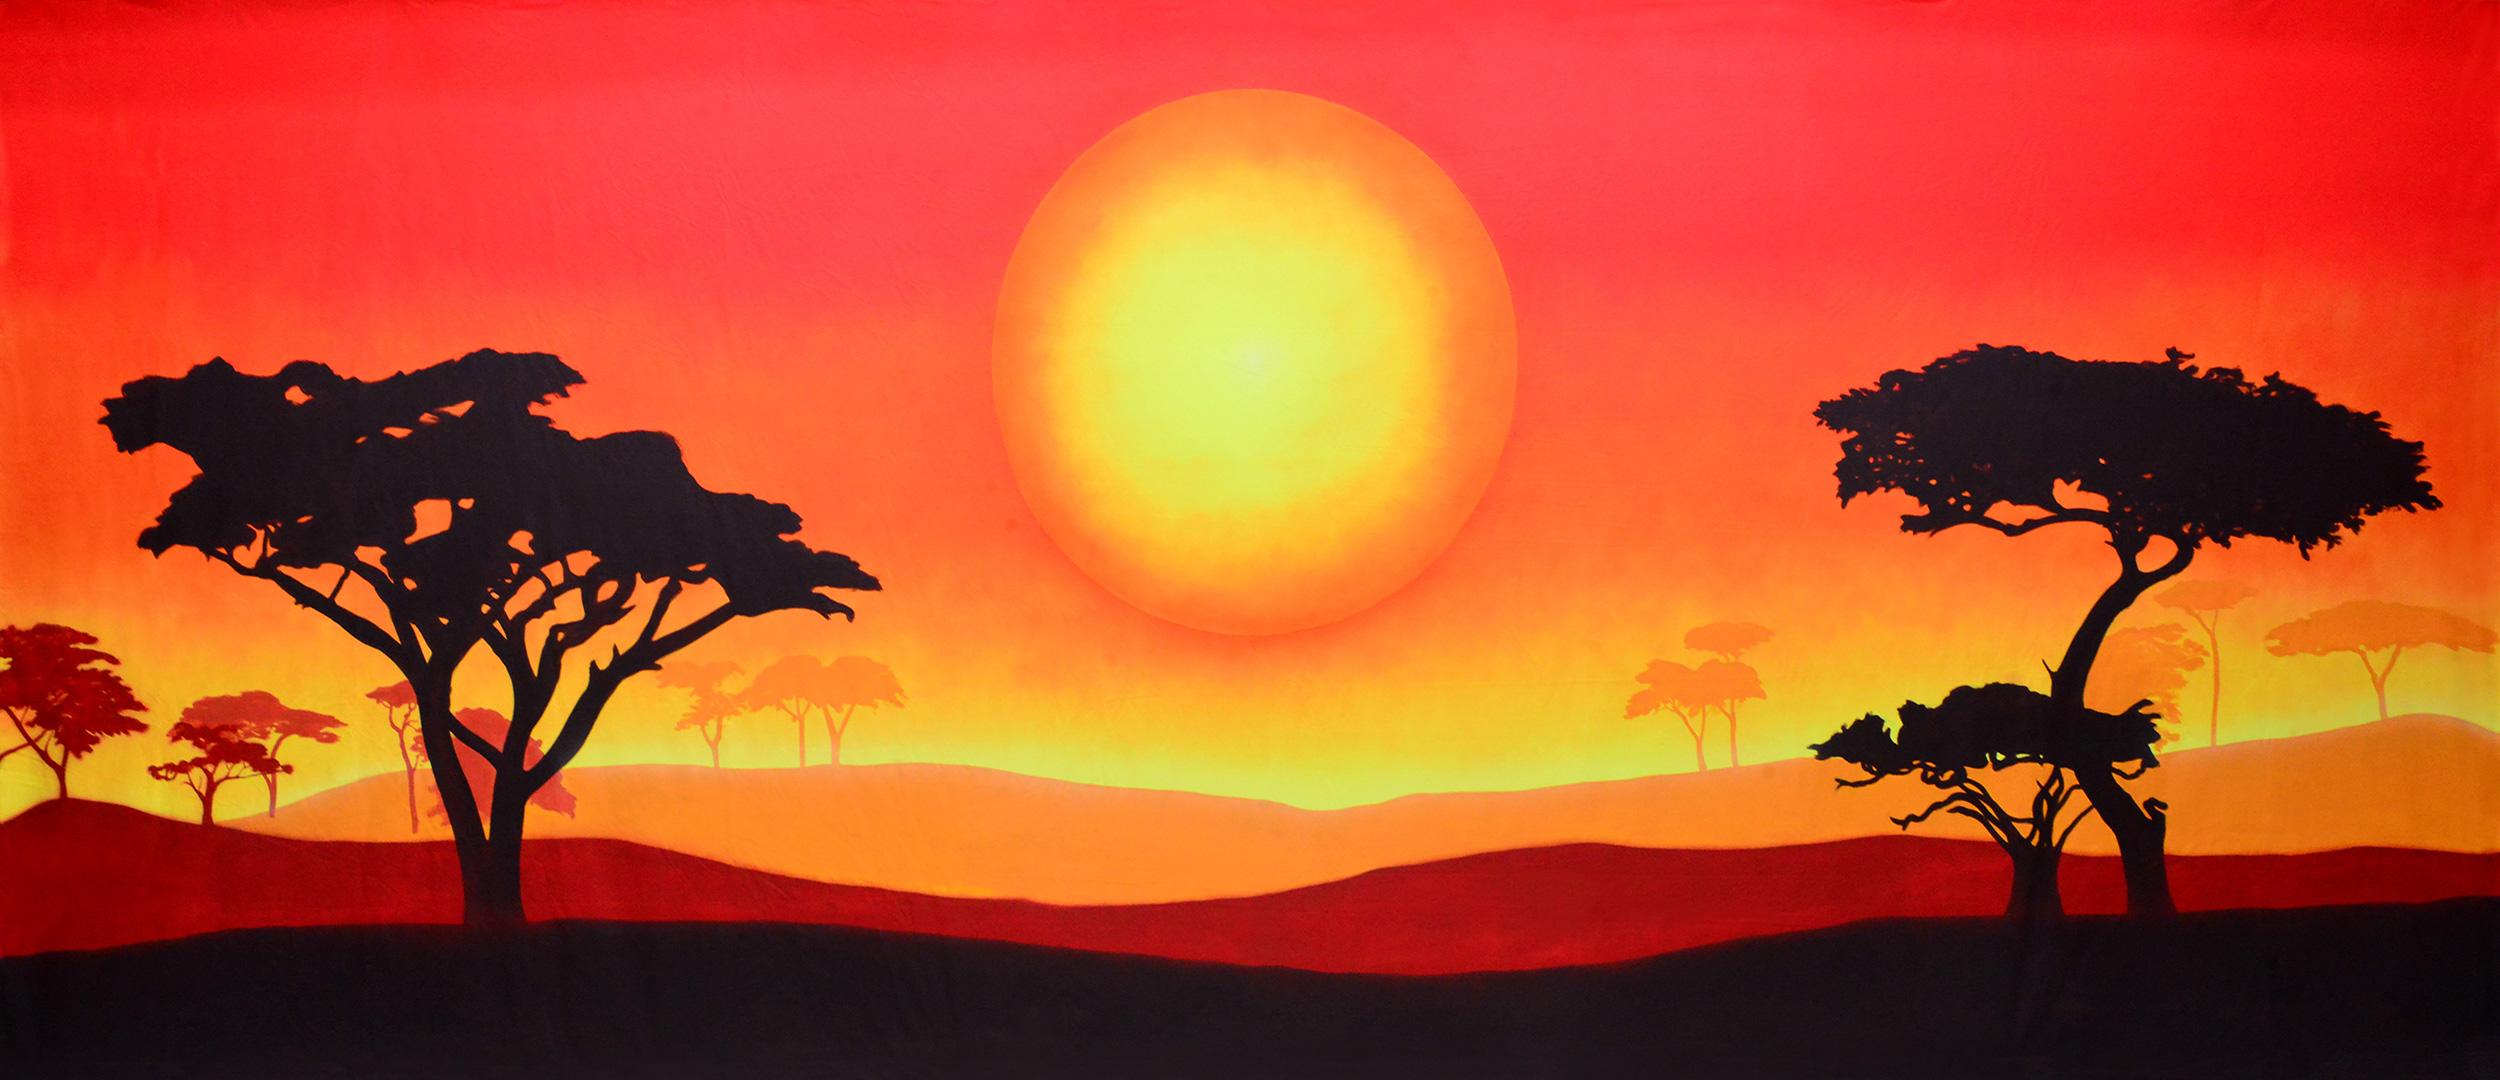 African Sun Landscape
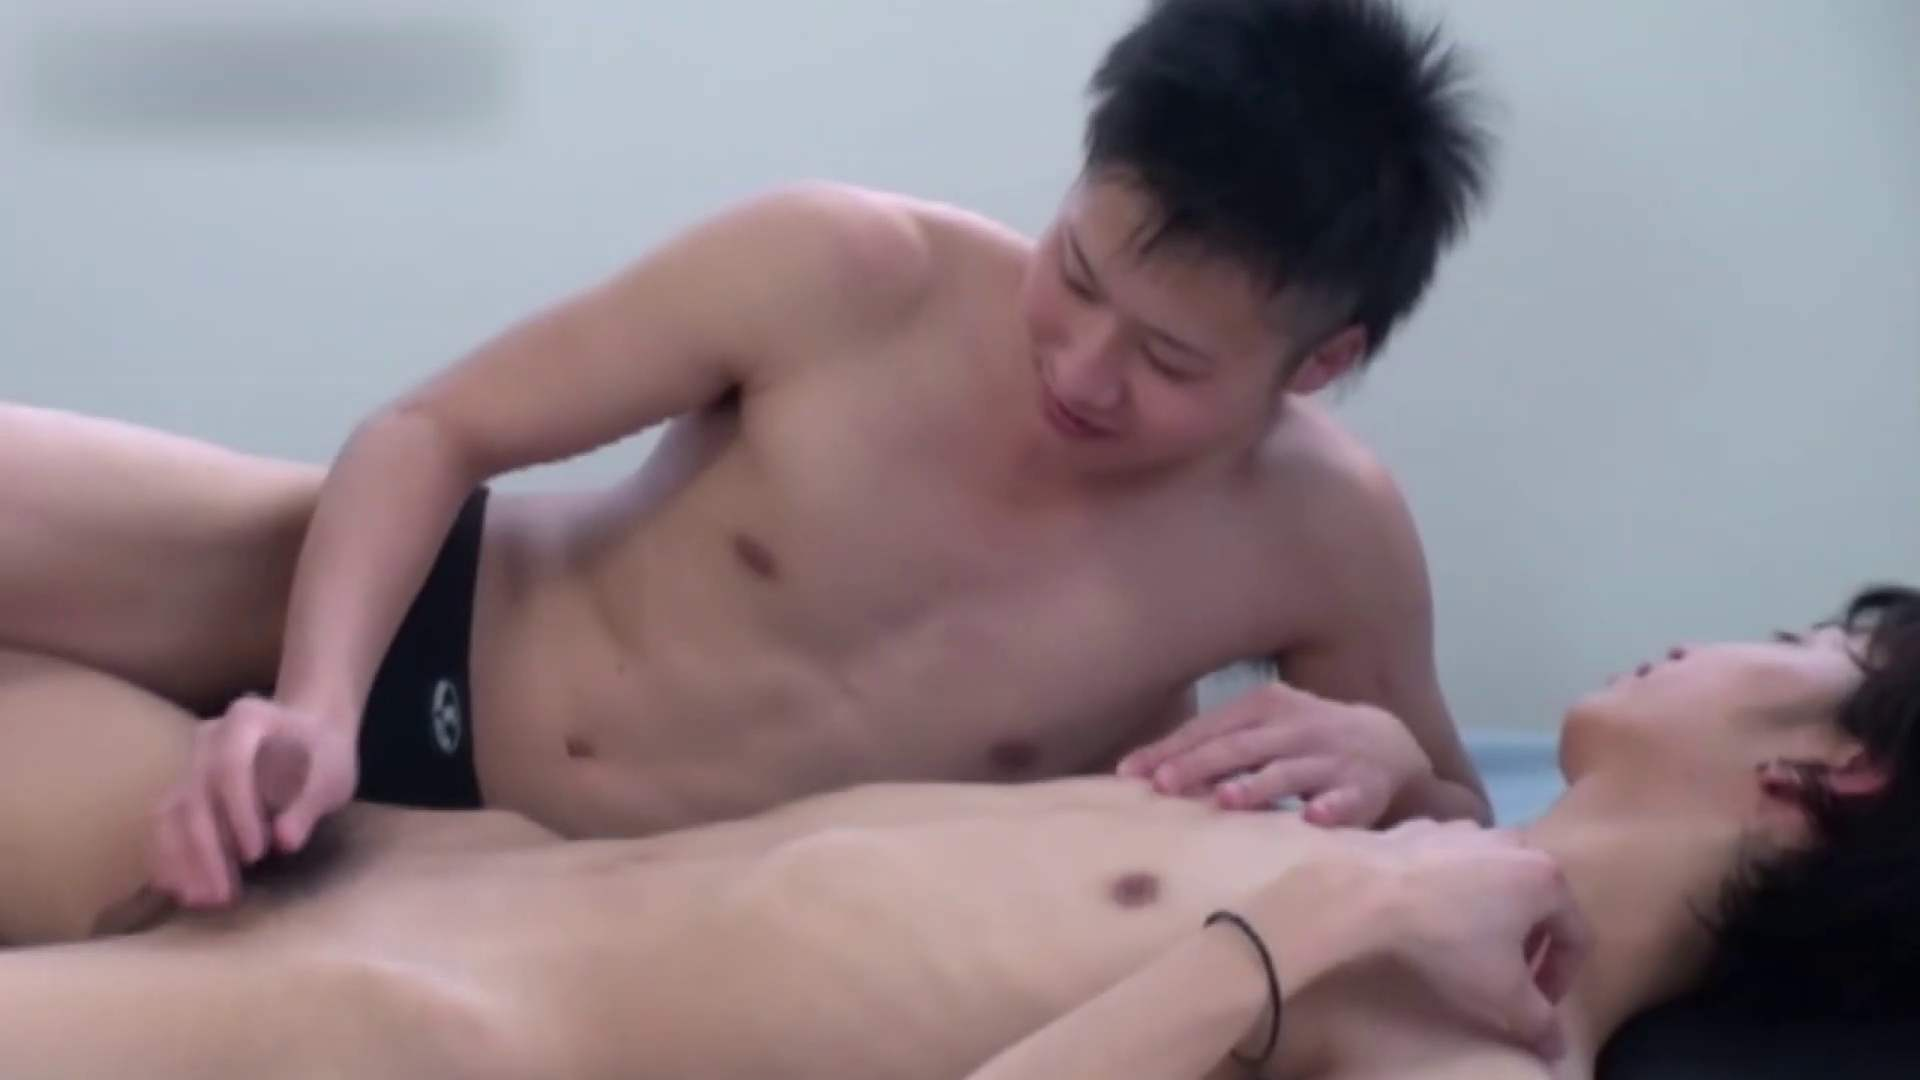 イケイケMEN'SCLUB vol.26前編 エロ   男のゲイ天国  11枚 9
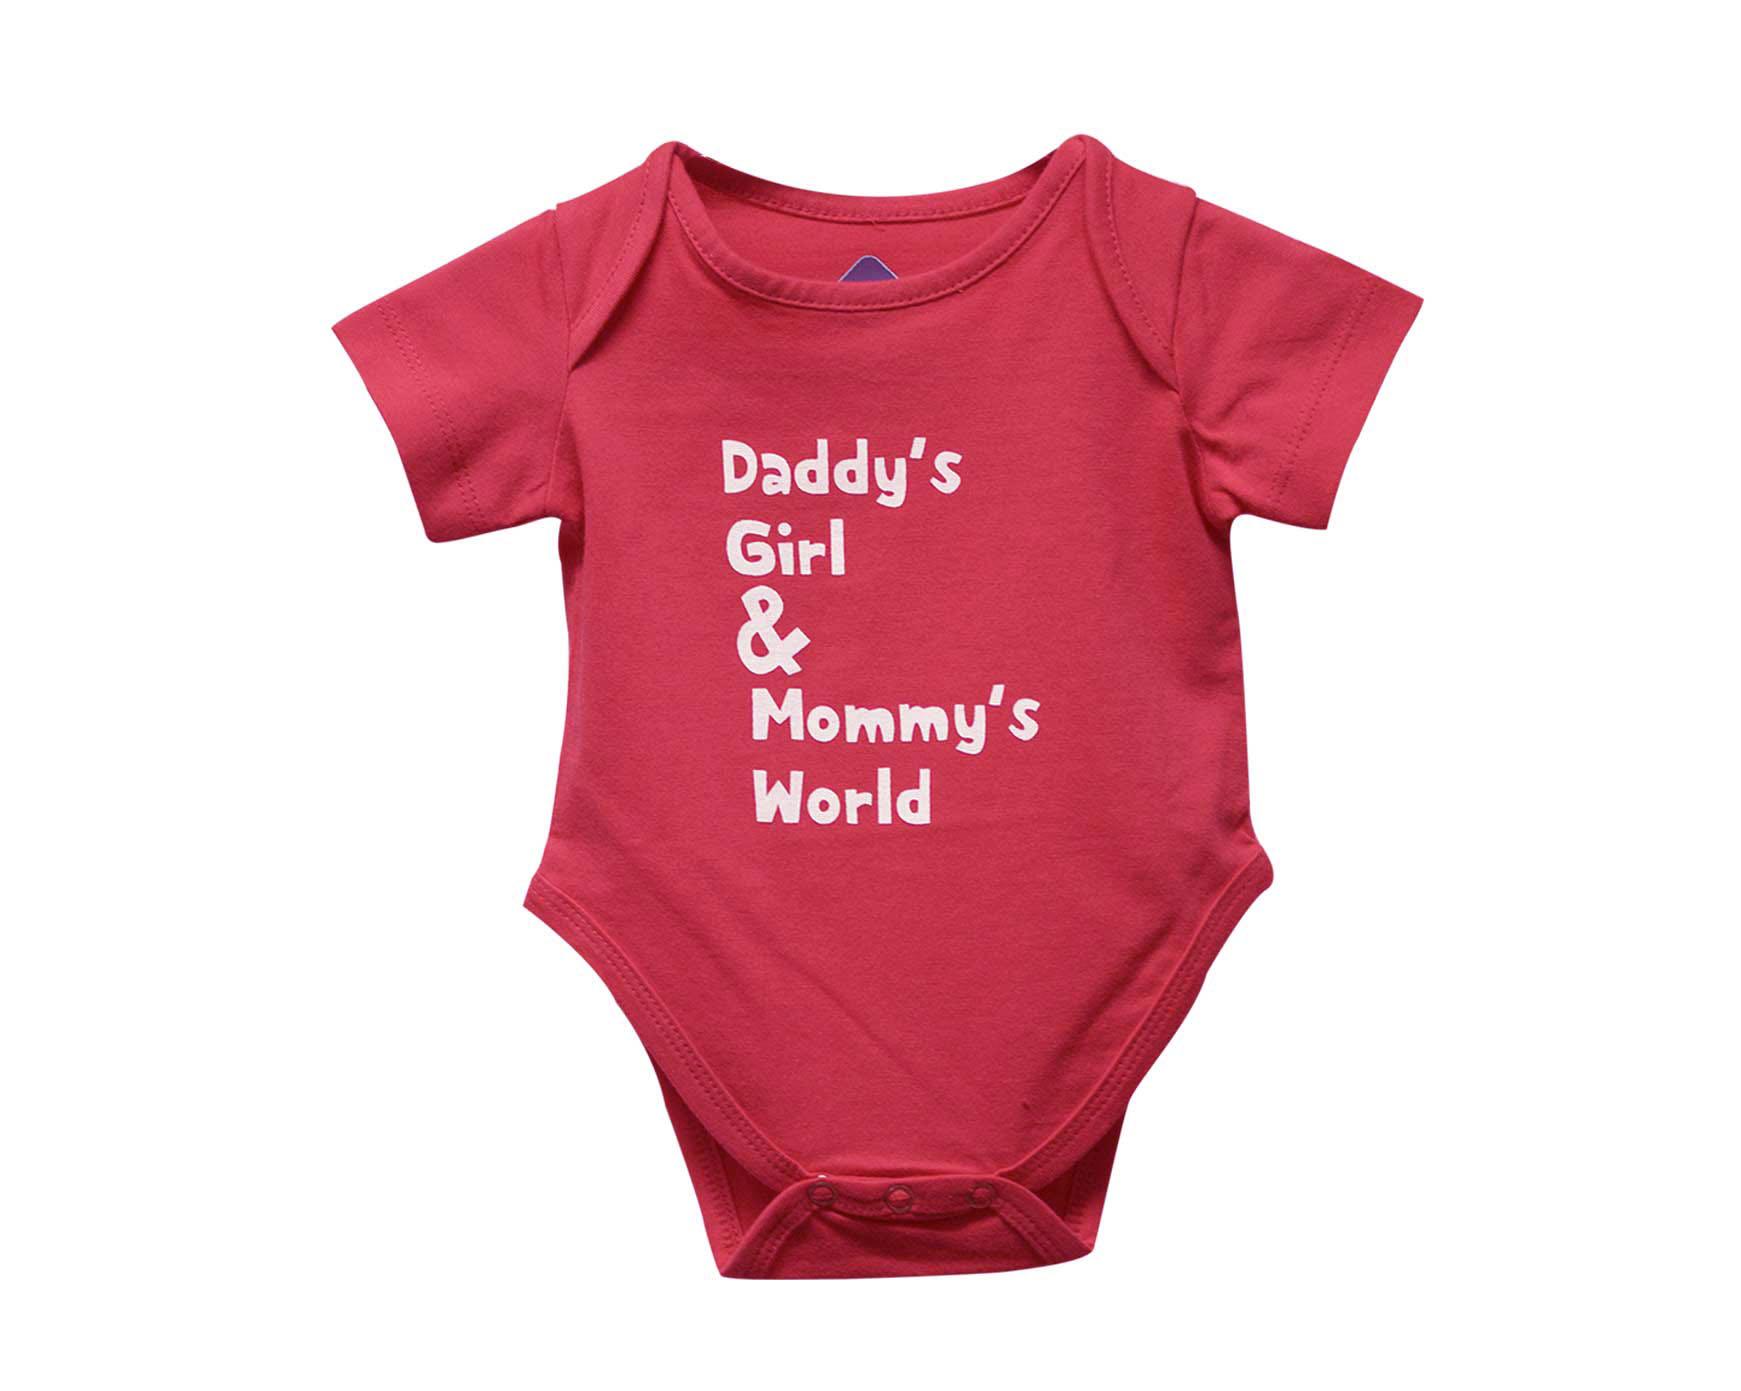 277_Daddy-girl-mommy-world.jpg

**What the exercise asks**
Nothing but the pictures should be left out when the listing is repeated exactly.

**Solved exercise**
 African Sun Landscape
 イケイケMEN'SCLUB vol.26前編 エロ   男のゲイ天国  11枚 9
 277_Daddy-girl-mommy-world.jpg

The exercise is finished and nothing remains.